HISTORIA DE UN TAXISTA


DISCLAIMER

Los personajes de esta historia pertenecen a la talentosa Rumiko Takahashi

Esta pequeña historia está inspirada en la canción "La historia de un Taxista" del famoso cantautor Ricardo Arjona


SESSHOMARU

02 de mayo de 1994

Eran las diez de la noche, y las luces de la gran ciudad iluminaban las calles con intensidad. La luna estaba en lo más alto del cielo, mientras unas cuantas estrellas intentaban brillar, luchando contra la luz urbana.

-¡Otra noche de mierda! -exclamé exasperado golpeando el volante de mi taxi.

Salí como cada noche a manejar por toda la ciudad de Tokio, esperando conseguir pasaje, pero era inútil, y cómo no iba a serlo, si mi taxi era en viejo Volkswagen del año 68, y nadie deseaba subirse a una carcacha como esta. Lo único que pedía era poder juntar la tarifa y así, tener lo suficiente para pagar la renta del cuarto y mantener a mi familia.

Mi madre murió cuando yo tenía 12 años, y al año siguiente, mi padre volvió a casarse con Izayoi. De ese nuevo matrimonio nació Inuyasha, y para nuestra mala suerte, nuestros padres murieron en un accidente cuando él tenía tan solo 11 años y yo 23.

Pudimos sobrevivir gracias al dinero del seguro, y a qué había conseguido un trabajo modesto en una empresa, la cual, fracasó por los malos manejos del director.

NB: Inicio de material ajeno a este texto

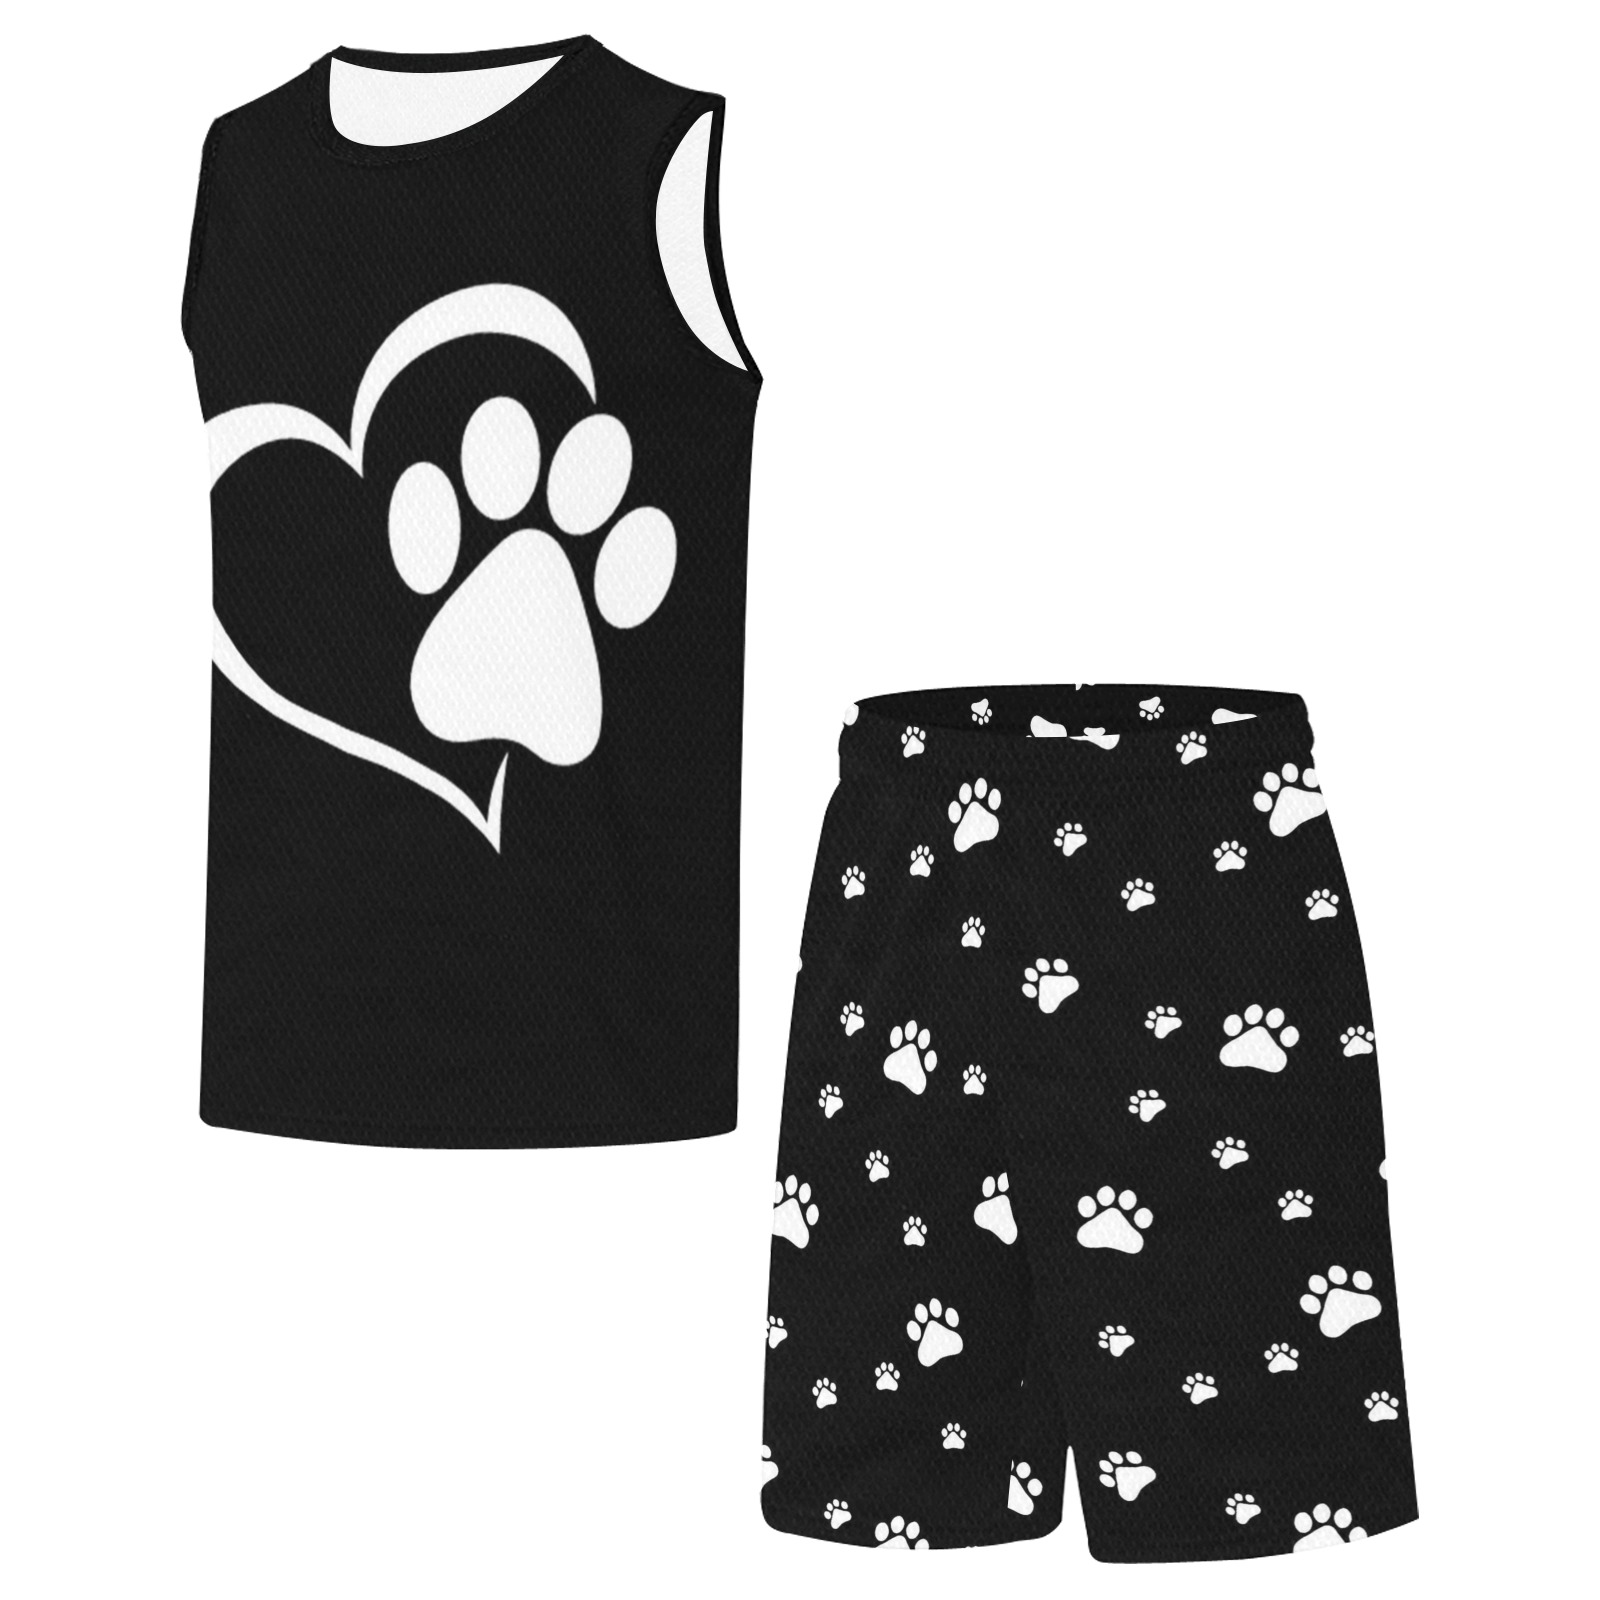 Puppy Owner by Fetishworld All Over Print Basketball Uniform

No tuve más remedio que usar mi auto como taxi para poder mantenernos.

Tiempo después, conocí a Tsubaki, una hermosa mujer de cuerpo escultural que me hizo luchar para salir adelante. Meses después de comenzar nuestra relación, tomamos la decisión de vivir juntos, sin papeles de por medio ni ataduras, solo nuestro amor. Pero bien dicen que si el hambre aprieta, el amor sale volando por la ventana. Las deudas crecían y el dinero nunca era suficiente. Las discusiones se volvieron rutina. Busqué trabajo en empresas, pero sin diez años de experiencia, las puertas simplemente se cerraban en mi cara.

De pronto, regresé a mi realidad cuando las lentejuelas de un traje me hicieron la parada. Me detuve frente a esa persona sin prestarle mucha atención. Pero, mi sorpresa fue tan grande al mirar por el retrovisor a una mujer extremadamente hermosa, rubia, de cuerpo perfecto. Usaba minifalda, y el escote en su espalda no dejaba nada a la imaginación, llegaba justo a la gloria.

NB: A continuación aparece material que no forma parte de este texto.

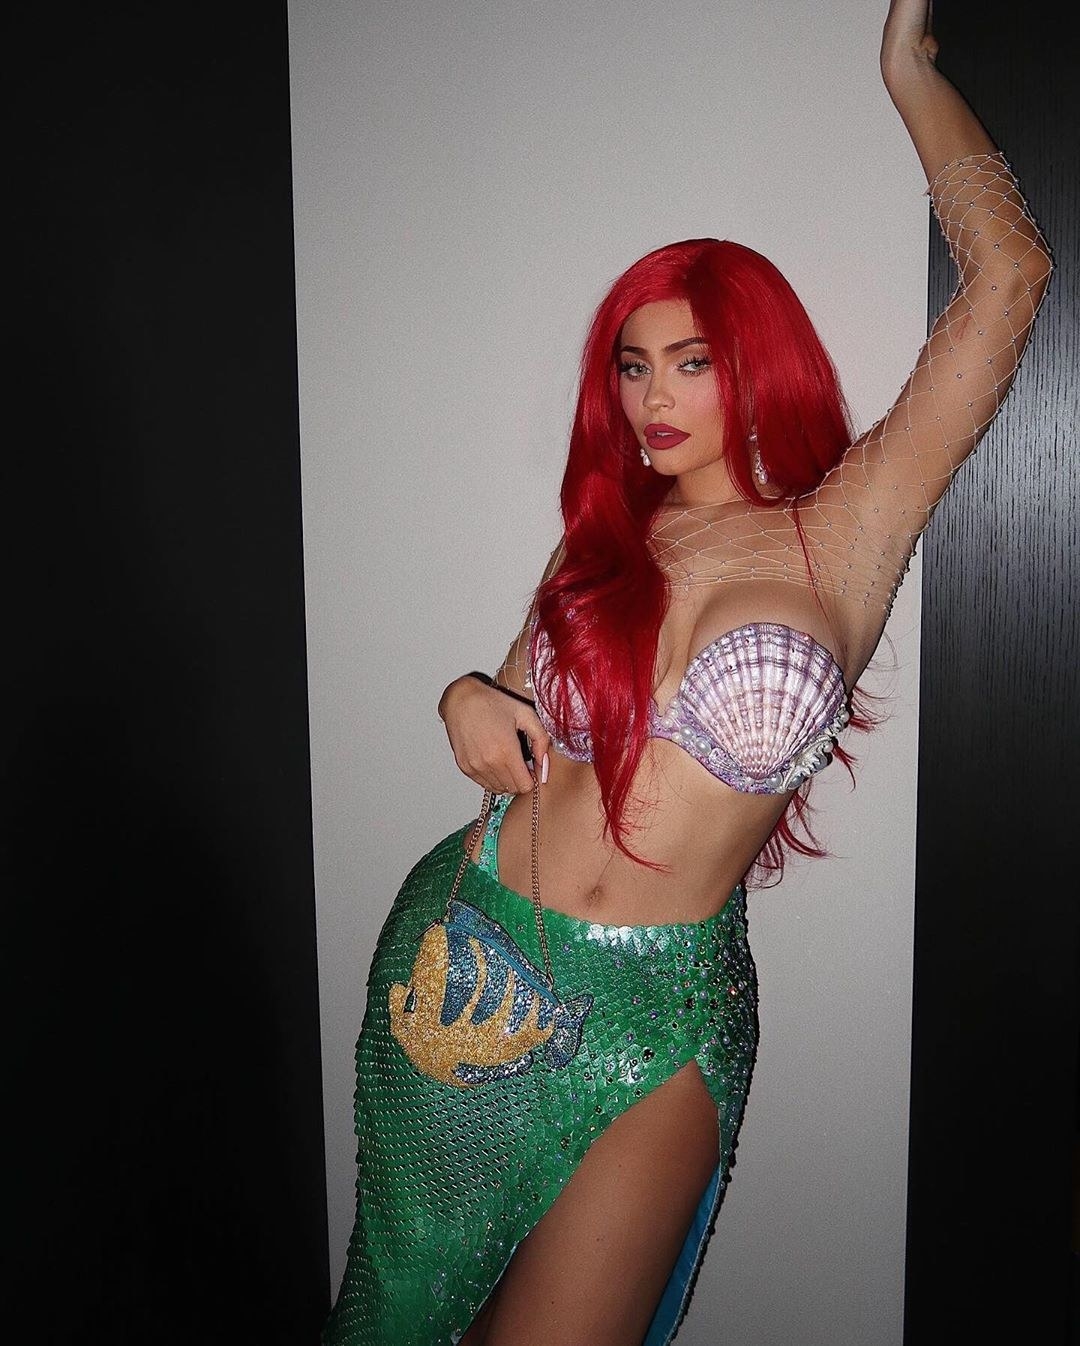 Kylie Jenner wows as she transforms into Ariel from The Little

-Llévame lejos de aquí -ordenó con la voz temblorosa.

-¿Disculpe? -pregunté confundido.

-Que me lleves a dónde sea, solo sácame de aquí -insistió mientras se quitaba la peluca, dejando ver su hermosa cabellera negra.

Asentí y avancé sin rumbo fijo. Miré por el retrovisor y tenía la mirada perdida, mientras que una lágrima negra rodaba en su mejilla.

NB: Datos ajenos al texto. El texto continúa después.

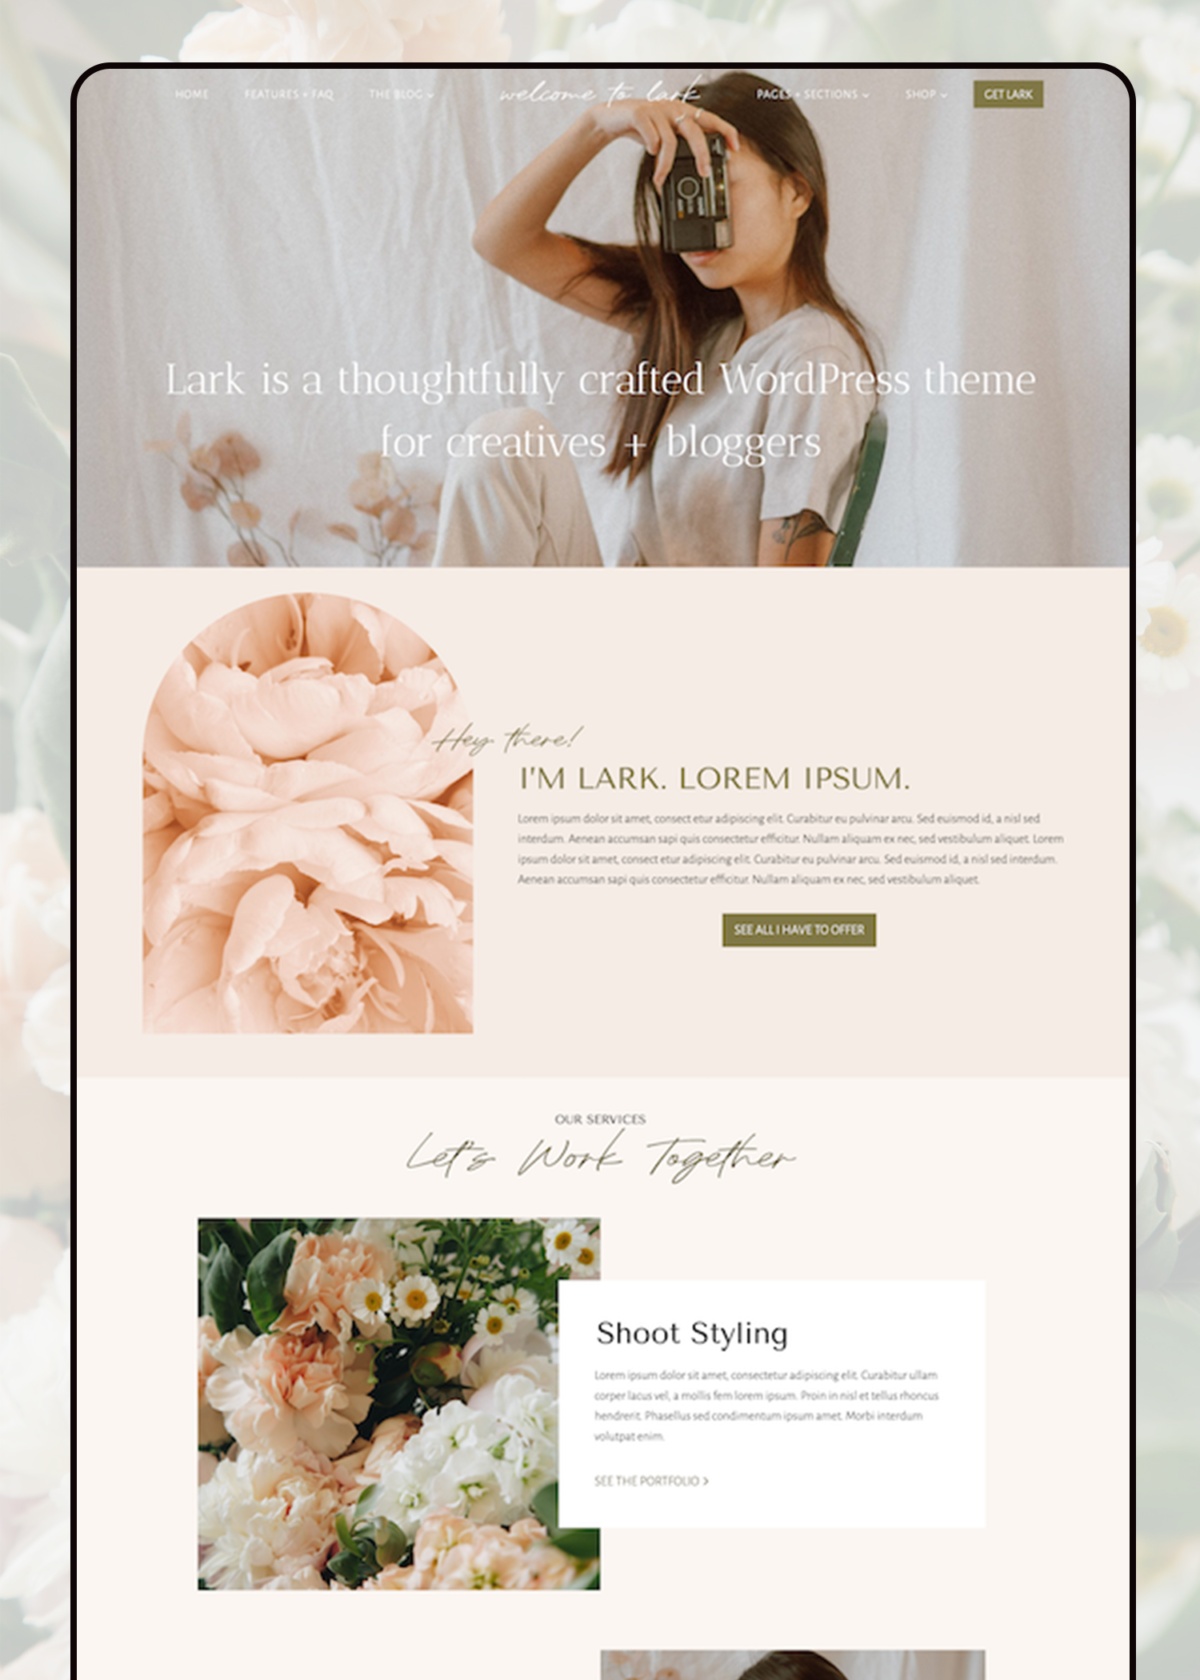 Image showing the Lark WordPress theme home page on an iPad. Background is a semi-transparent image of flowers.

-¿Te molesta si enciendo un cigarro?

-No señorita, adelante.

-Me llamo Kagura -dijo mientras buscaba algo en su bolsa-. ¡Demonios! -se quejó. Entonces entendí que buscaba un encendedor, así que me apresuré y le ofrecí el mío, pero me temblaba la mano ligeramente.

Su belleza me tenía deslumbrado, sin embargo, la tristeza en su rostro opacaba sus hermosos ojos.

-¿Por quién llora? -le pregunté sin rodeos.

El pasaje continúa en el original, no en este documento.